The median age in the city was 37.3 years. 25.3% of residents were under the age of 18; 5.1% were between the ages of 18 and 24; 28.7% were from 25 to 44; 19.6% were from 45 to 64; and 21.3% were 65 years of age or older. The gender makeup of the city was 52.9% male and 47.1% female.

===2000 census===
As of the census of 2000, there were 179 people, 80 households, and 54 families living in the city. The population density was 441.7 PD/sqmi. There were 88 housing units at an average density of 217.2 /sqmi. The racial makeup of the city was 100.00% White.

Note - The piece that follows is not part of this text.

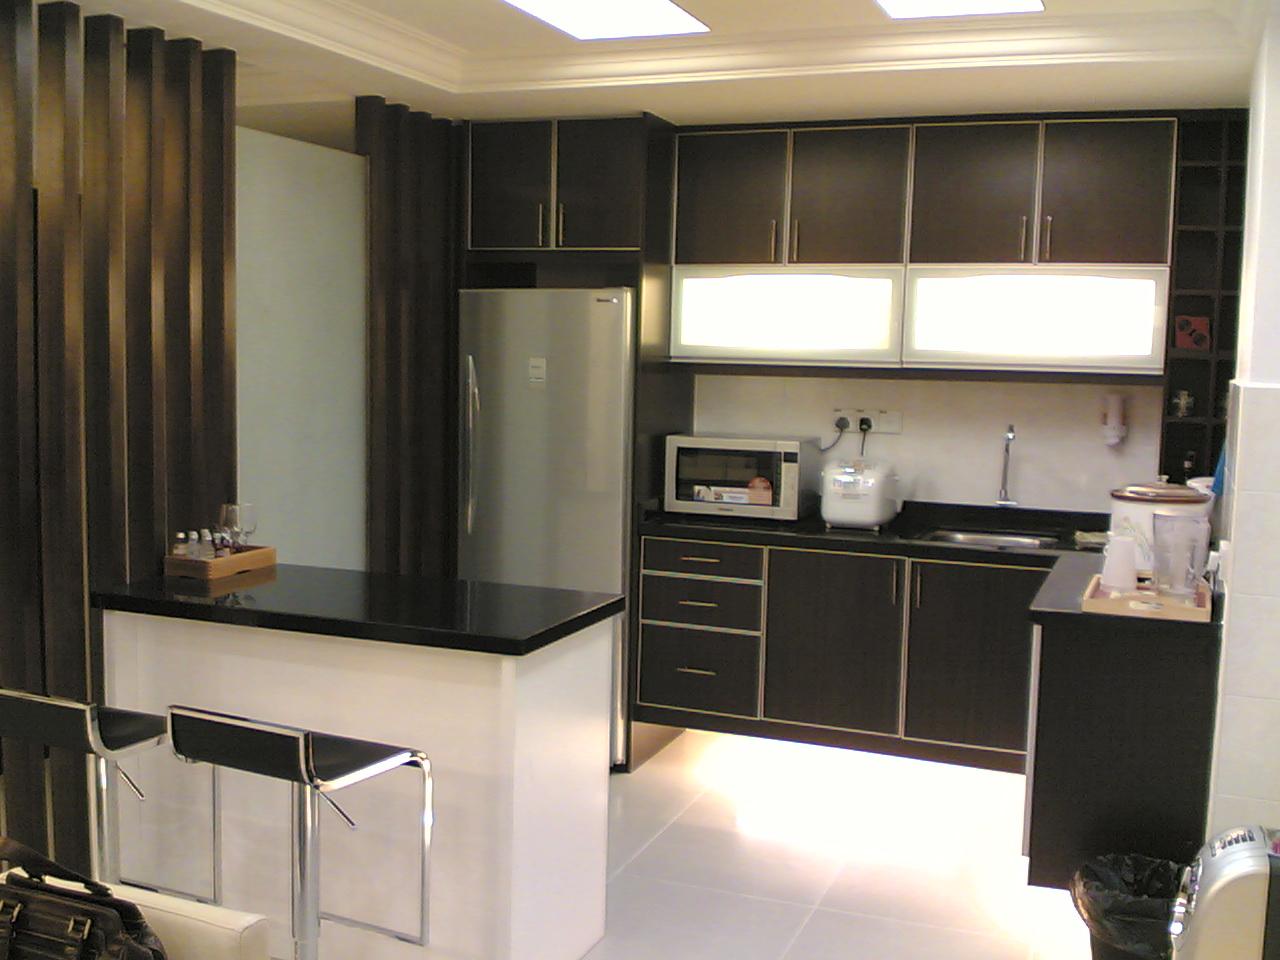 Glass top kitchen table set photo - 3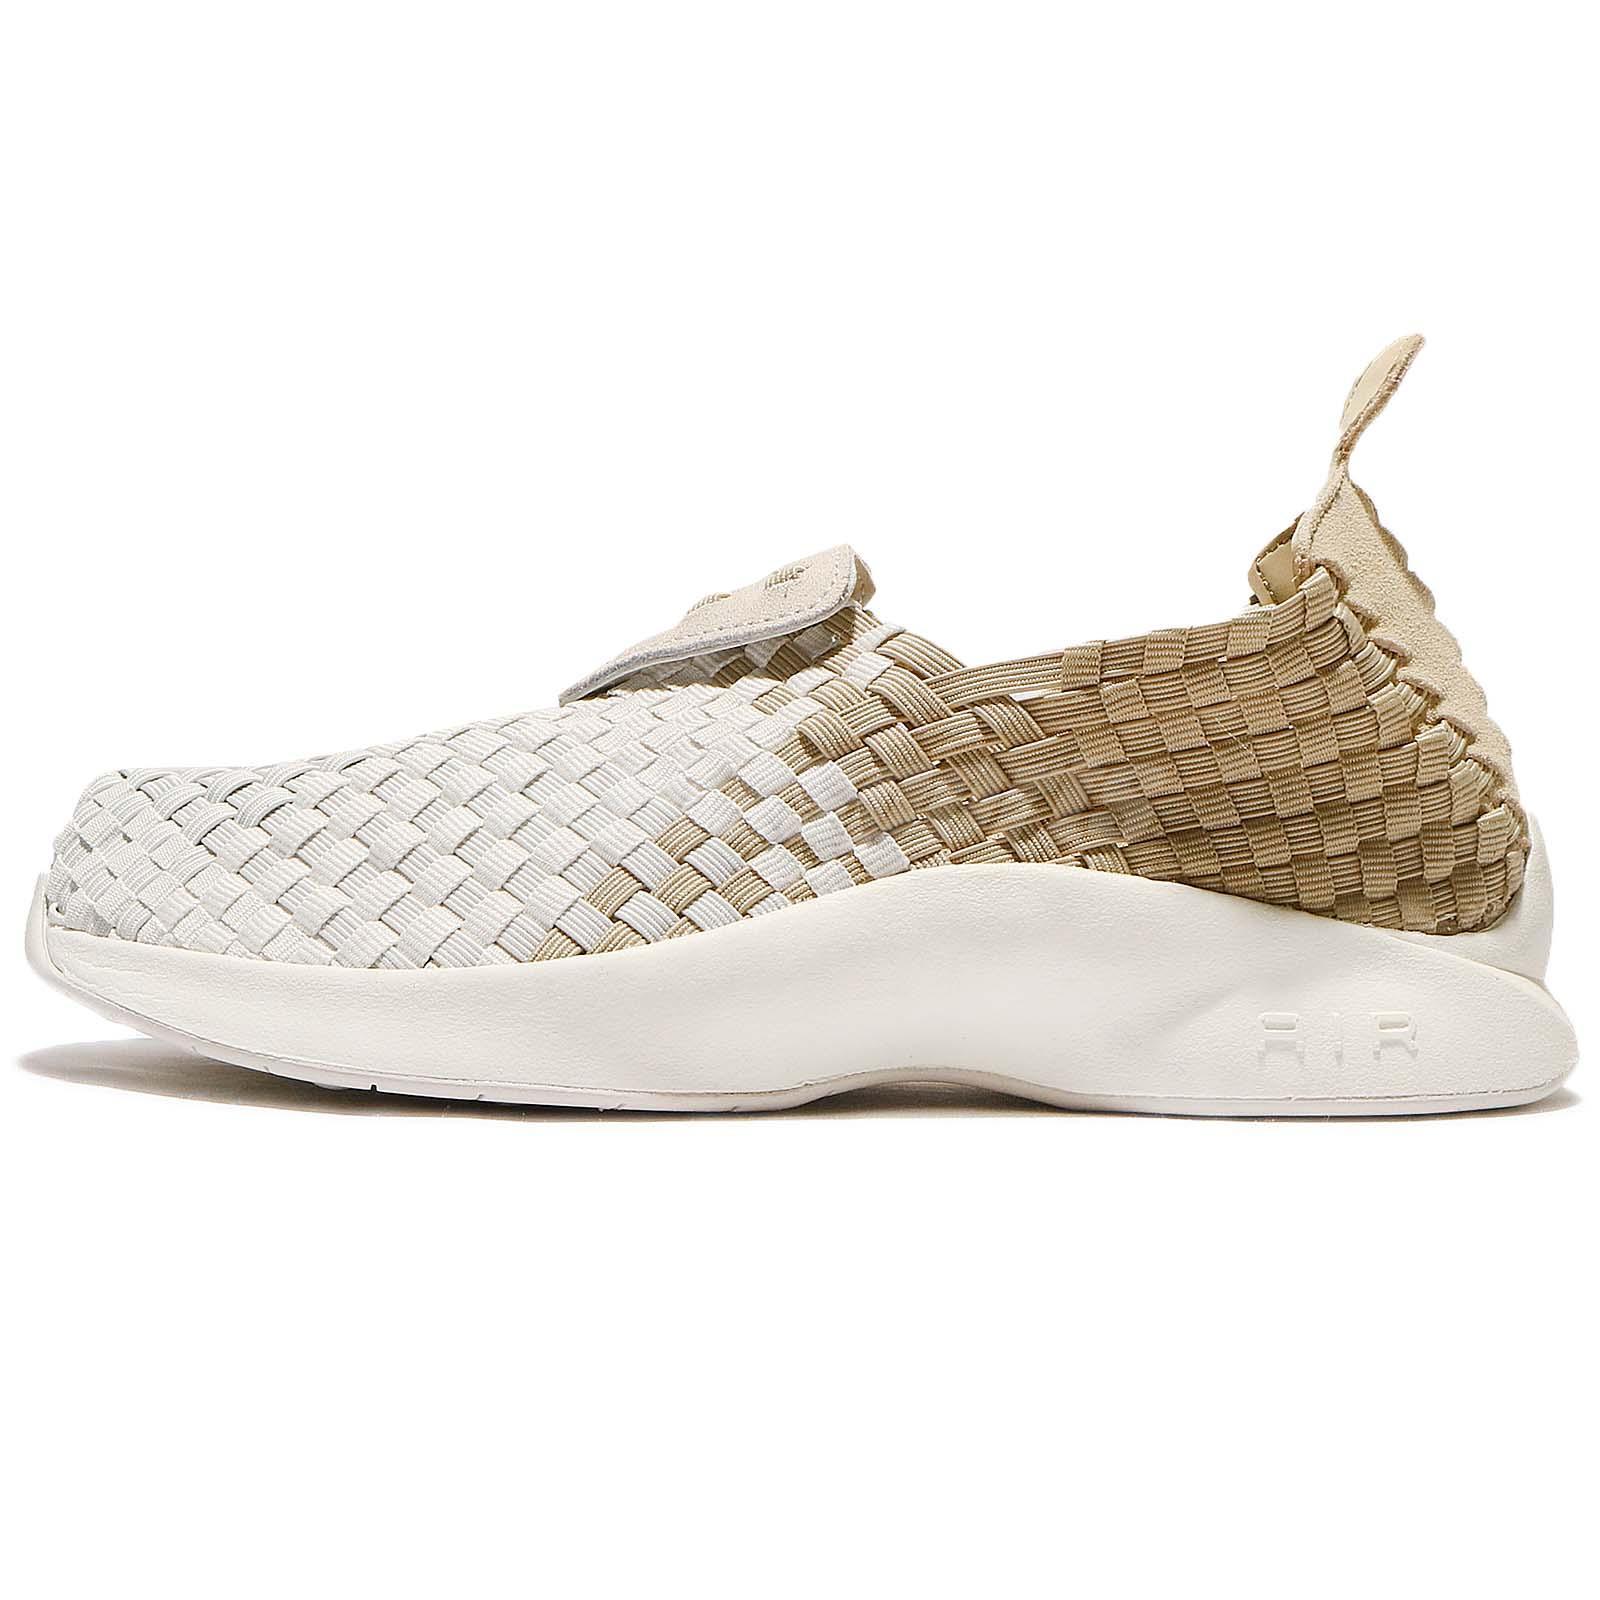 hot sale online 58e20 19852 Nike Wmns Air Woven Linen Light Bone Sail Women Casual Slip On Shoes 302350 -200

There were 80 households, out of which 25.0% had children under the age of 18 living with them, 66.3% were married couples living together, and 32.5% were non-families. 28.8% of all households were made up of individuals, and 17.5% had someone living alone who was 65 years of age or older. The average household size was 2.24 and the average family size was 2.72.

In the city, the population was spread out, with 22.3% under the age of 18, 3.4% from 18 to 24, 26.8% from 25 to 44, 25.7% from 45 to 64, and 21.8% who were 65 years of age or older. The median age was 43 years. For every 100 females, there were 86.5 males. For every 100 females age 18 and over, there were 87.8 males.

The median income for a household in the city was $26,719, and the median income for a family was $30,000. Males had a median income of $25,625 versus $19,583 for females. The per capita income for the city was $13,531. About 8.3% of families and 9.8% of the population were below the poverty line, including 4.9% of those under the age of eighteen and 21.7% of those 65 or over.

==Education==
The West Delaware County Community School District operates local area public schools.